● ASSIGNED TASK: Give all of the listing again word for word, with images excluded.

● DATA SHOWN:
------------

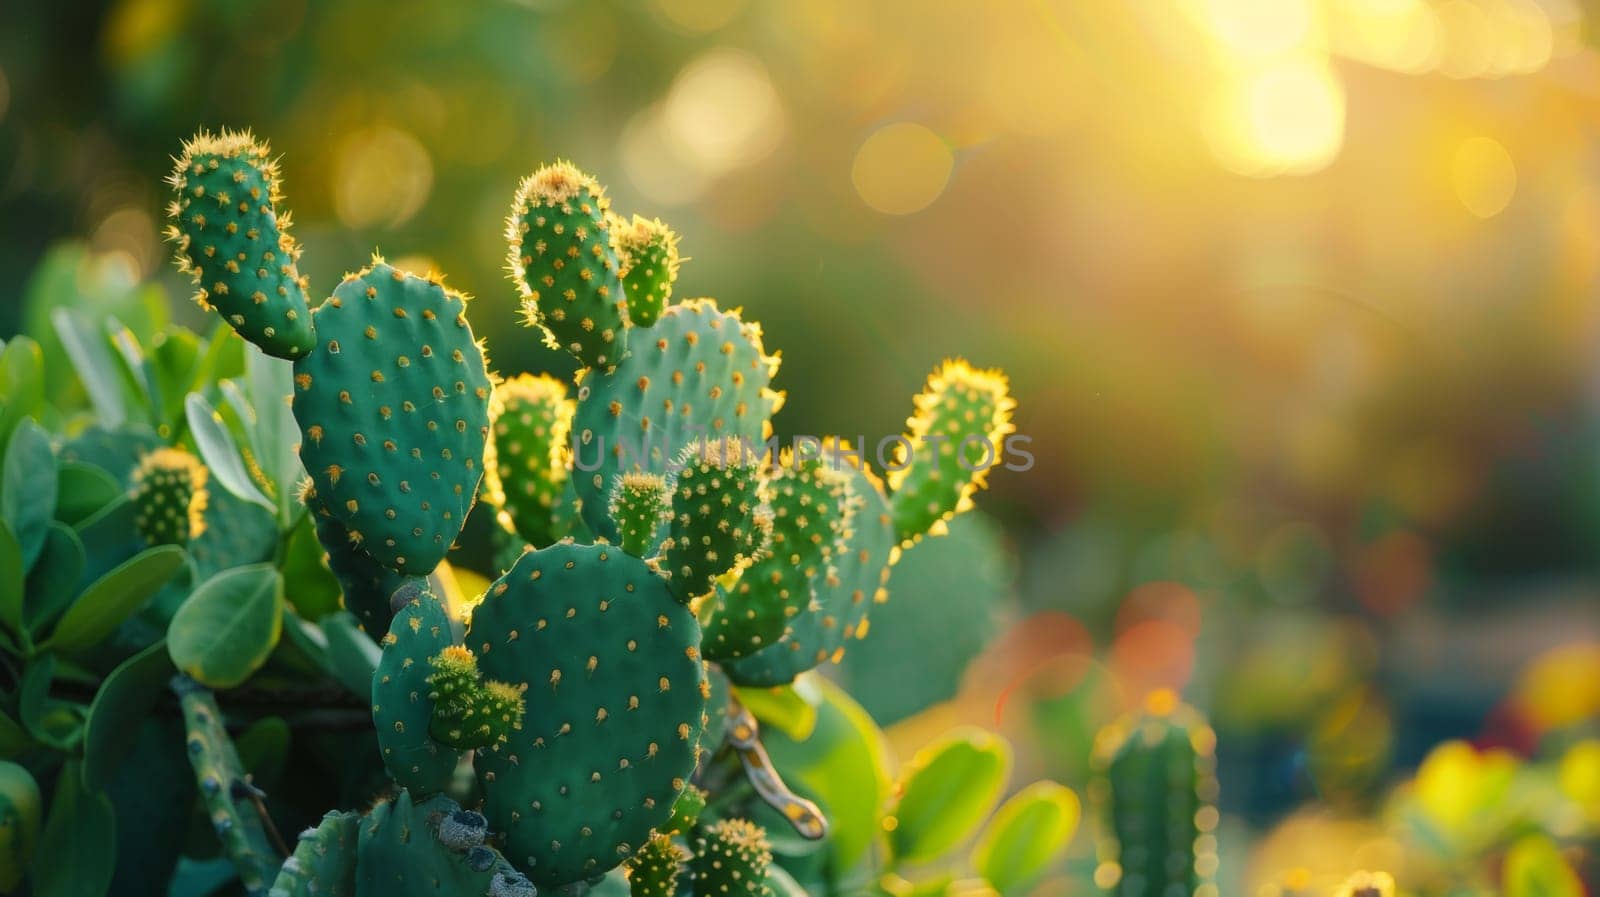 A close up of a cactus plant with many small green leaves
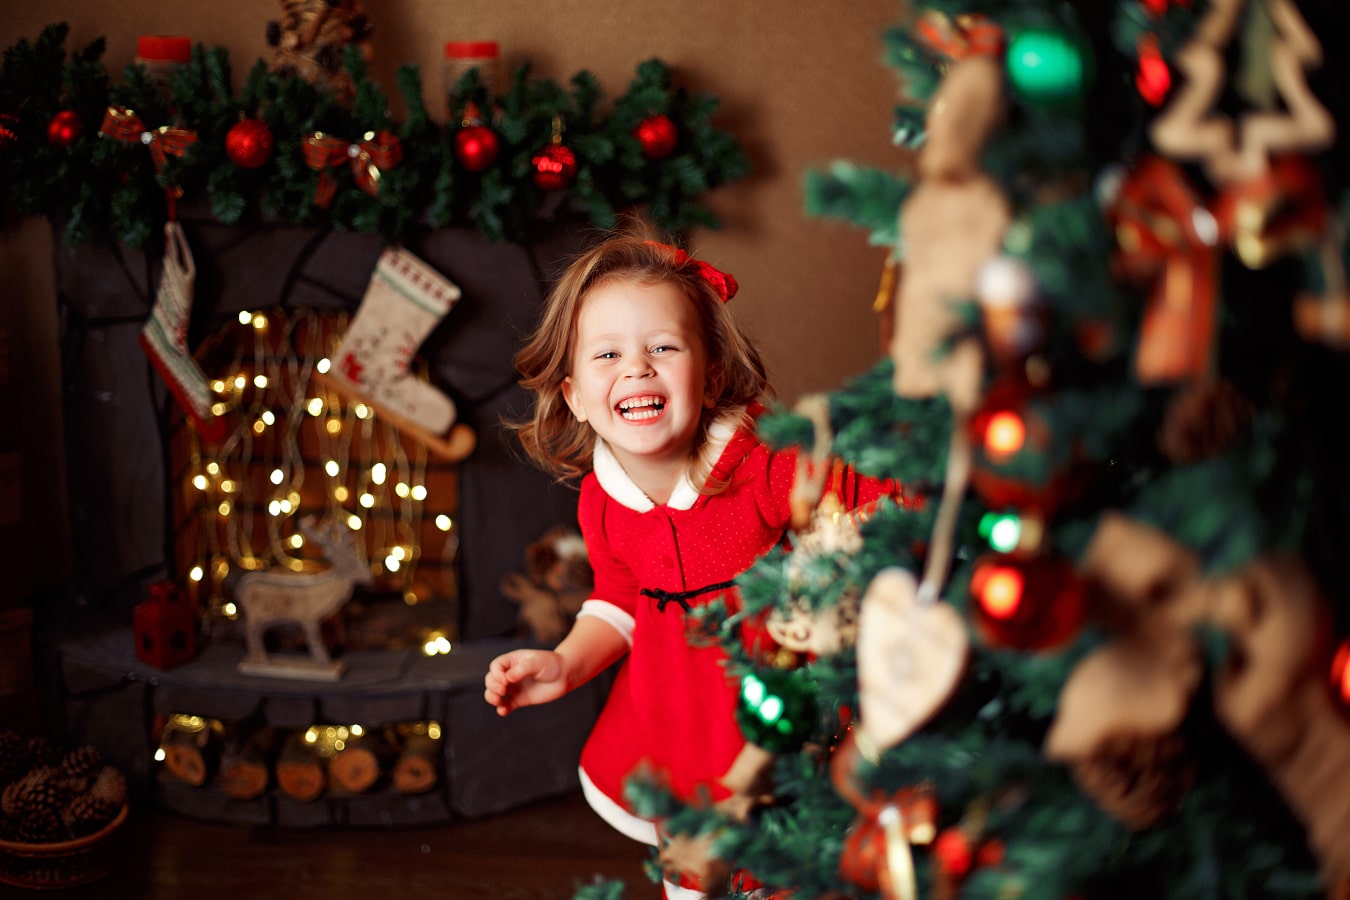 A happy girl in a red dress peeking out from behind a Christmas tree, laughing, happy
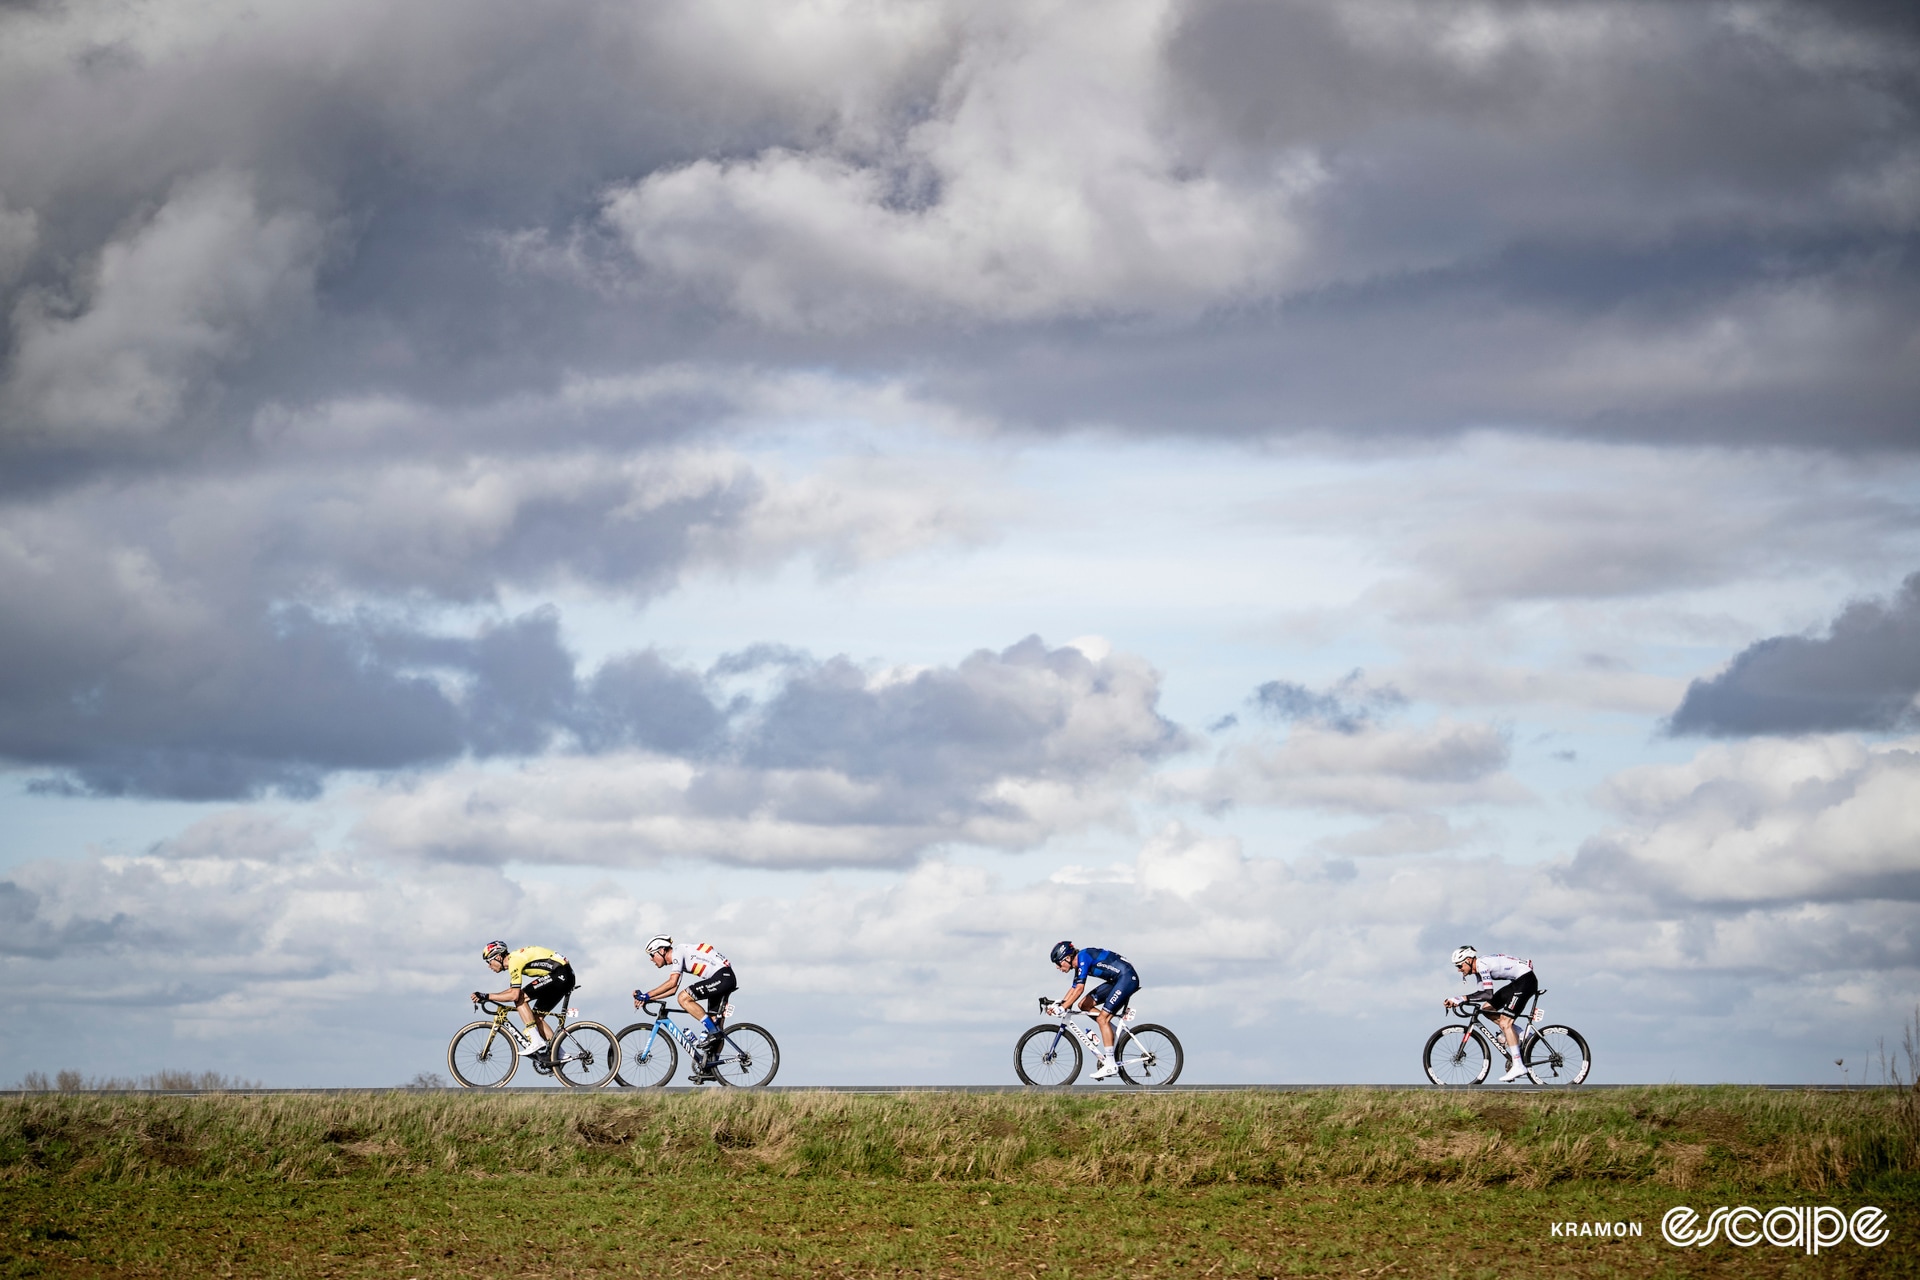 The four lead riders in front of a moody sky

------------

● TASK ANSWER:
 A close up of a cactus plant with many small green leaves
 A happy girl in a red dress peeking out from behind a Christmas tree, laughing, happy
 The four lead riders in front of a moody sky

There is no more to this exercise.